◆ Dataset section
+ + +

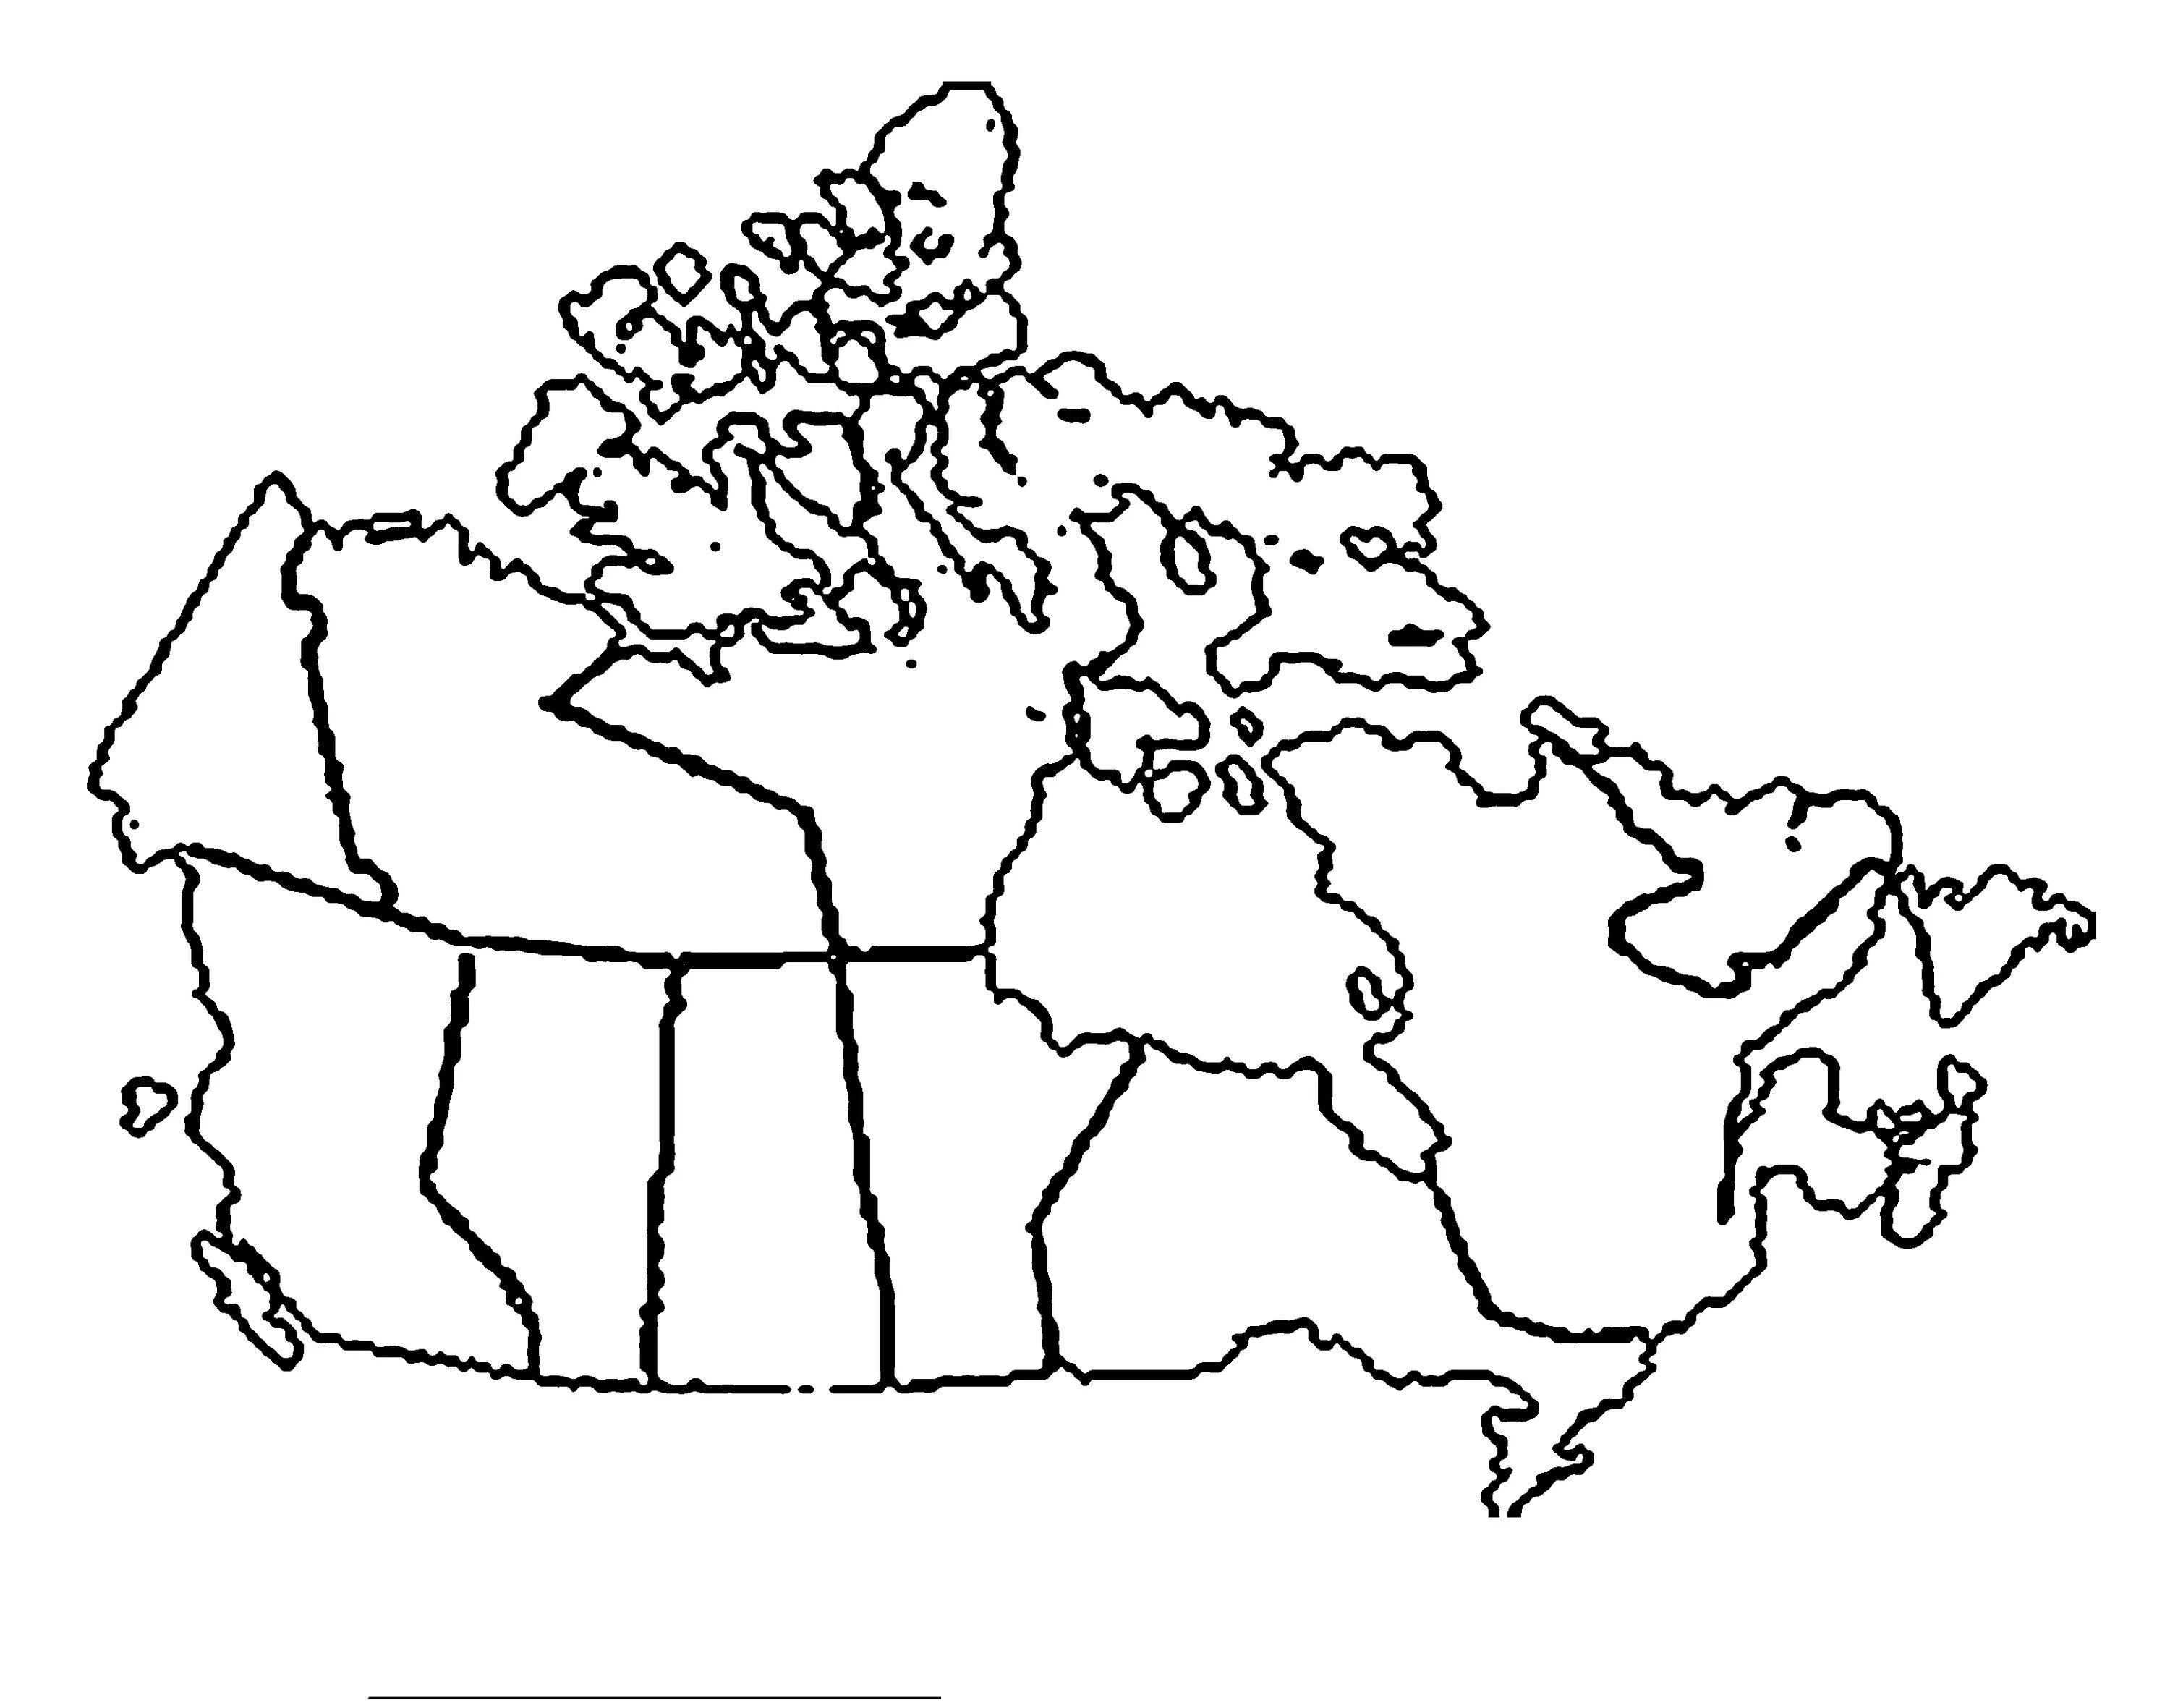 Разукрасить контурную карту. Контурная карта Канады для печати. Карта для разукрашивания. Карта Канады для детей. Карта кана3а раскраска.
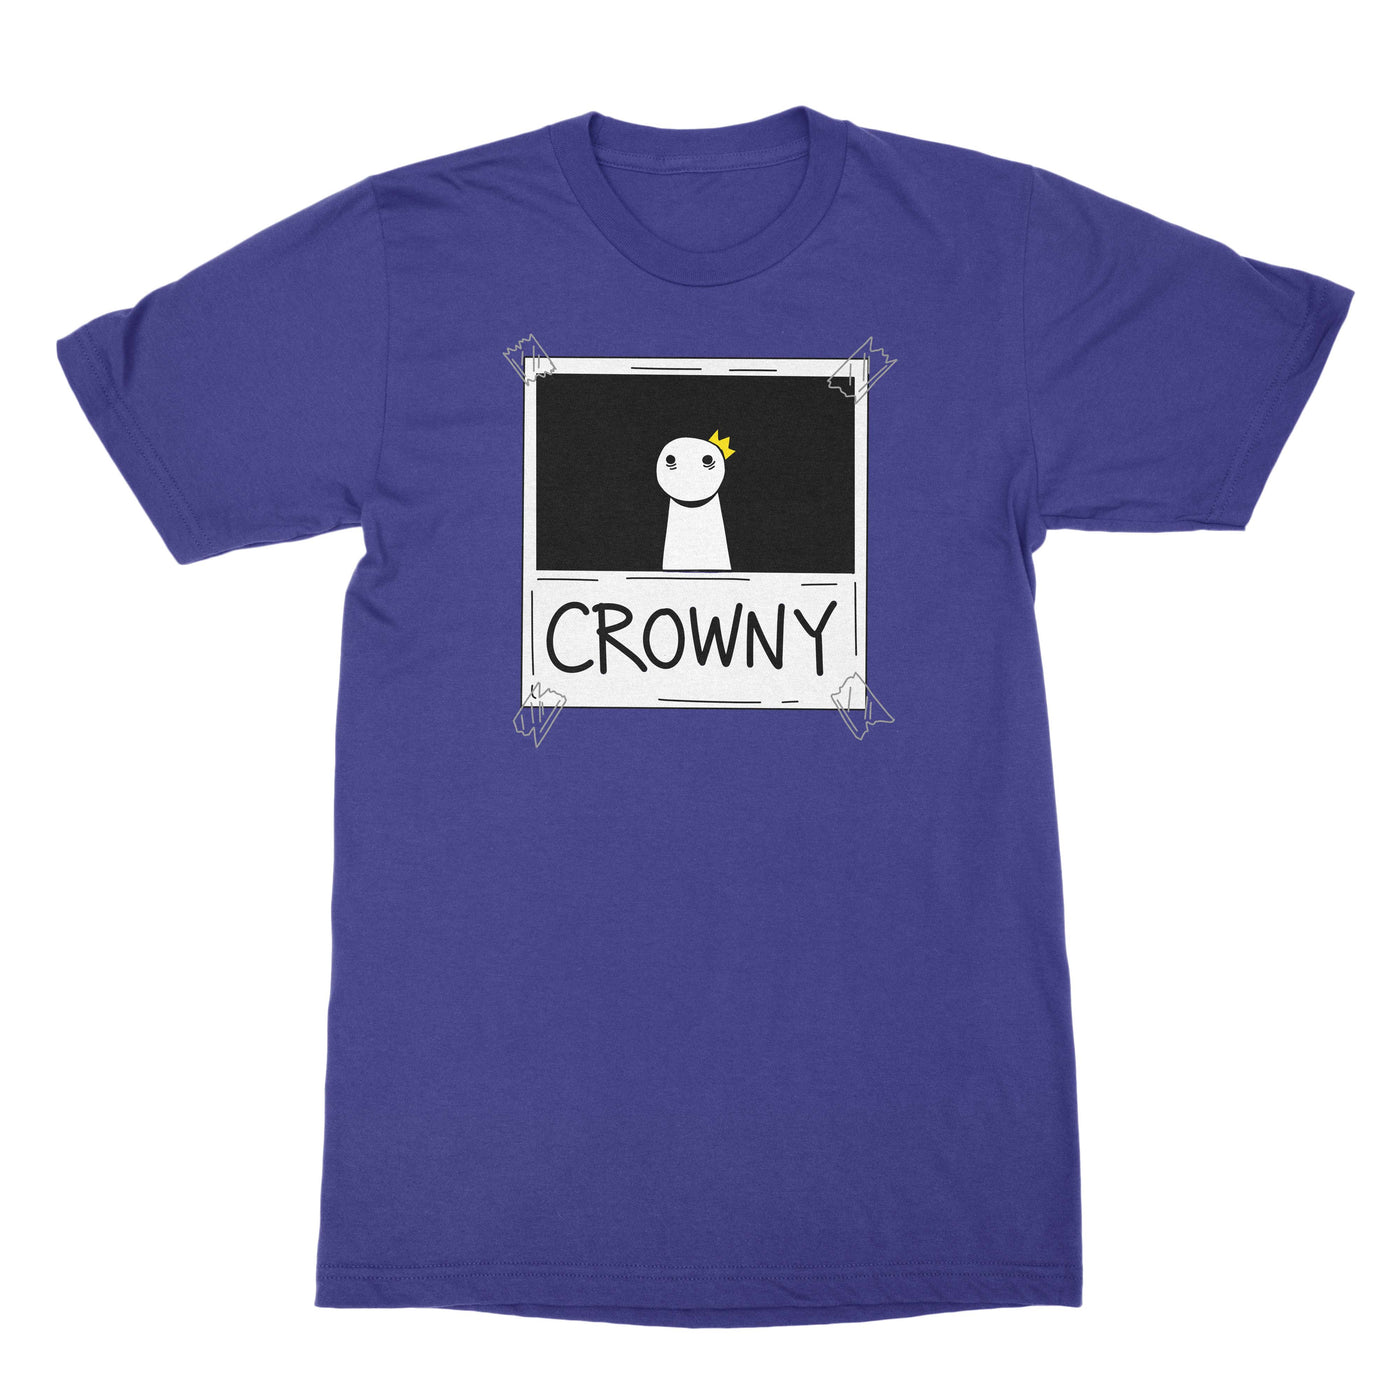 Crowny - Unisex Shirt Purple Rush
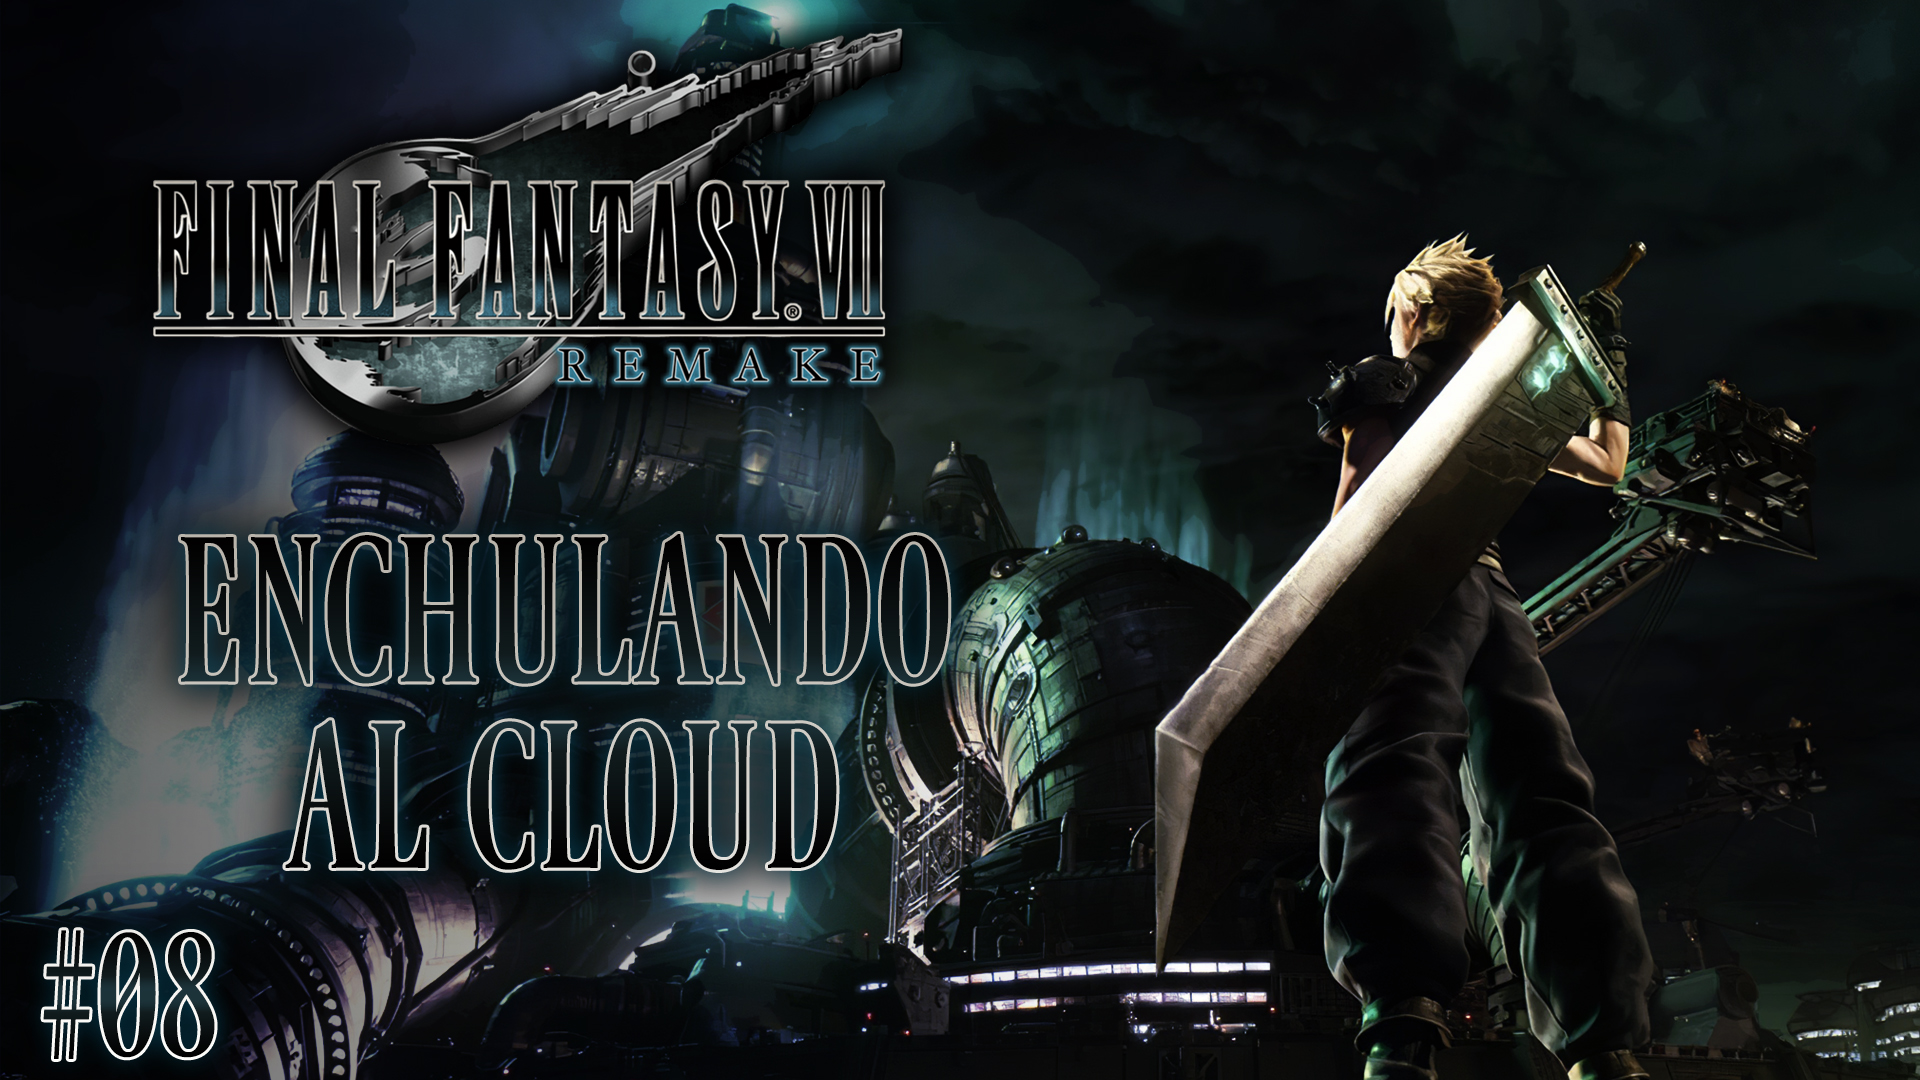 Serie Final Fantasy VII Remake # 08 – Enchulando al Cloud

+ + +

The answer is the whole listing retyped exactly, with pictures omitted.

 Разукрасить контурную карту. Контурная карта Канады для печати. Карта для разукрашивания. Карта Канады для детей. Карта кана3а раскраска.
 Crowny - Unisex Shirt Purple Rush
 Serie Final Fantasy VII Remake # 08 – Enchulando al Cloud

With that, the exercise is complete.